RECORDS FOR THE EXERCISE:
---

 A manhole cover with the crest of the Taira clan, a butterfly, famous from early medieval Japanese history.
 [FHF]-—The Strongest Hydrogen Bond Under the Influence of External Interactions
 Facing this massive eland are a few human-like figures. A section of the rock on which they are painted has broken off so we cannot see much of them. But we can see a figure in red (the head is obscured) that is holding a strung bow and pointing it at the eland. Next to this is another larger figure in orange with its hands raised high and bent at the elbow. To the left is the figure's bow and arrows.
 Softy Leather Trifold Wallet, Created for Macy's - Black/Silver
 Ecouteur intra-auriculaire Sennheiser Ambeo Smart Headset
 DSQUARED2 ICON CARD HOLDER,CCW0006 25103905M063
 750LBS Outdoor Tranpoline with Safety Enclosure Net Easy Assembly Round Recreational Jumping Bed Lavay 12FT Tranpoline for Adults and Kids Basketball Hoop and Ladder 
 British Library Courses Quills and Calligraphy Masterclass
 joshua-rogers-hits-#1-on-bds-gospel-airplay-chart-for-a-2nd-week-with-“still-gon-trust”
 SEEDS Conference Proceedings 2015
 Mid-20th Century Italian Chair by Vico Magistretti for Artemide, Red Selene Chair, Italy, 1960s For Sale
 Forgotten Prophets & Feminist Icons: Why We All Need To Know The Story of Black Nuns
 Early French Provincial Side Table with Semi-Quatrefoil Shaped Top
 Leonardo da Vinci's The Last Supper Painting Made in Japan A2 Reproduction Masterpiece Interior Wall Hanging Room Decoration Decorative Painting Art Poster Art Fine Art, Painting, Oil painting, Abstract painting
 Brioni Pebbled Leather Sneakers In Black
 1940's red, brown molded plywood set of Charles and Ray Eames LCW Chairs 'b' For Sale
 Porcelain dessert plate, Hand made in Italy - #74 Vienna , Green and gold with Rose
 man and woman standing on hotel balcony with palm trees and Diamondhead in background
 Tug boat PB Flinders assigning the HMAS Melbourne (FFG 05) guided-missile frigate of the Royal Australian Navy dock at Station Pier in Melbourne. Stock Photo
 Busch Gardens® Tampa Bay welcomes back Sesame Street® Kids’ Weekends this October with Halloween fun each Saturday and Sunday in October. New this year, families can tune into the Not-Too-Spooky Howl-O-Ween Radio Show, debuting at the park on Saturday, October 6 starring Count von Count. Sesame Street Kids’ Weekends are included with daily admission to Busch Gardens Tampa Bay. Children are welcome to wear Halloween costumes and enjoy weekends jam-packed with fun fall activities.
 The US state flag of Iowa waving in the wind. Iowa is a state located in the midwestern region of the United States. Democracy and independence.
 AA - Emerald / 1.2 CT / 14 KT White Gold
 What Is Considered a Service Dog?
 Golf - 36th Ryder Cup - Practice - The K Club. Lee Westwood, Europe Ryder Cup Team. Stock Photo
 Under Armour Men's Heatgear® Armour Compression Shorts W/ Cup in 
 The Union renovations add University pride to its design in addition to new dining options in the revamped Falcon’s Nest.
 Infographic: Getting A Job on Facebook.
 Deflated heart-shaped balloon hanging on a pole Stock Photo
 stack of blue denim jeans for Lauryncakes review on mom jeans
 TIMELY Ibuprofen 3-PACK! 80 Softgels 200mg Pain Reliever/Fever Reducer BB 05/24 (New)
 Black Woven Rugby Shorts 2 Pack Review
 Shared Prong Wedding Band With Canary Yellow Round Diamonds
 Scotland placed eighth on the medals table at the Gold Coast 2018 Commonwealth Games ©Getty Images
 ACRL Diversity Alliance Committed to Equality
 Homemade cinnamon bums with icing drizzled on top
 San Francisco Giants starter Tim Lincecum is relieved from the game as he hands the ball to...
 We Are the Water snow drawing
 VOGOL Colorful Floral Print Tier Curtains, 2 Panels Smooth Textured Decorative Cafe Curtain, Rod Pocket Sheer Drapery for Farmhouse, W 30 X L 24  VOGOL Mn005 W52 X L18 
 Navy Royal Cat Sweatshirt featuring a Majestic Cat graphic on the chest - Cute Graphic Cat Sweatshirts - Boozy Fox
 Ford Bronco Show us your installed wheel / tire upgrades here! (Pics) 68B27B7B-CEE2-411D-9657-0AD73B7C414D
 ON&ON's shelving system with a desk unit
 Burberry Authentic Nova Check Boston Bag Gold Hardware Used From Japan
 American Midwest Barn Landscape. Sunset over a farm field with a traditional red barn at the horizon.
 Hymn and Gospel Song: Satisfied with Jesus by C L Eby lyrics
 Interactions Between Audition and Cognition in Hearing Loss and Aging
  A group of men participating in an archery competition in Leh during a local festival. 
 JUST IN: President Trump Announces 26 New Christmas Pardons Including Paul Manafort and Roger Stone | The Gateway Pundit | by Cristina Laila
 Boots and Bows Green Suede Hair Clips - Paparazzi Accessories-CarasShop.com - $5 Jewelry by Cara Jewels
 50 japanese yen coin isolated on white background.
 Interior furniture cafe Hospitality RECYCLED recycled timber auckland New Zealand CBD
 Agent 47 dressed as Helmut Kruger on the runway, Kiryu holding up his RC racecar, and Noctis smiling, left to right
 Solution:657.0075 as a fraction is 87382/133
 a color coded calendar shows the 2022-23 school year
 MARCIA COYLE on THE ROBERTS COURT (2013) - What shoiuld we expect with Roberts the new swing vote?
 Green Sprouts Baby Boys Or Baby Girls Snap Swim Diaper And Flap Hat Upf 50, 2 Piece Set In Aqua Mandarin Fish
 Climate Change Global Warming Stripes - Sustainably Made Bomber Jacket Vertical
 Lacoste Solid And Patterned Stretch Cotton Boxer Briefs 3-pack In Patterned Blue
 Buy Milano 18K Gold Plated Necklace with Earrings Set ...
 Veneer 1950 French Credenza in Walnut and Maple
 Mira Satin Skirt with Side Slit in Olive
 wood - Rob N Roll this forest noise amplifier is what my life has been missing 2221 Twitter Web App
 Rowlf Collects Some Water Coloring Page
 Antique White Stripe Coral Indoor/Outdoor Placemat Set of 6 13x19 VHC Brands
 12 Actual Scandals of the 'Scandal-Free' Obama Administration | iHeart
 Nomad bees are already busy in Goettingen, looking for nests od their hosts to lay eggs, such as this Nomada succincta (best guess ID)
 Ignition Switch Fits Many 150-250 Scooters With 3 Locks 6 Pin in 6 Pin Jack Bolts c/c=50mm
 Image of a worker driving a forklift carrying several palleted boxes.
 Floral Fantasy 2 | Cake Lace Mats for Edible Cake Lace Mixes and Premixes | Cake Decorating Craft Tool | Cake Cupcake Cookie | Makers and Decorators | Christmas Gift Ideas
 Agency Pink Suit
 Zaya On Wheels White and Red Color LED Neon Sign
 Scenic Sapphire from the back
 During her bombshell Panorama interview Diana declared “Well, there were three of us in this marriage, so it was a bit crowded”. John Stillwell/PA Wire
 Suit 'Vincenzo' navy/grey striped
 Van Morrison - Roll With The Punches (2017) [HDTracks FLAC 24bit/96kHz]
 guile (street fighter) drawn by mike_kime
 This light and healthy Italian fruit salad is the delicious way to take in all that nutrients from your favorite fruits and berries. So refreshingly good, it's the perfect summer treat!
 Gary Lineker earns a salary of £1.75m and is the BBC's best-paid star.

---

WORK INSTRUCTIONS: Beginning at the top of the entries above, output each line exactly, and end with the line in which "[FHF]-—The Strongest Hydrogen" appears.

RESULT OF THIS TASK:
 A manhole cover with the crest of the Taira clan, a butterfly, famous from early medieval Japanese history.
 [FHF]-—The Strongest Hydrogen Bond Under the Influence of External Interactions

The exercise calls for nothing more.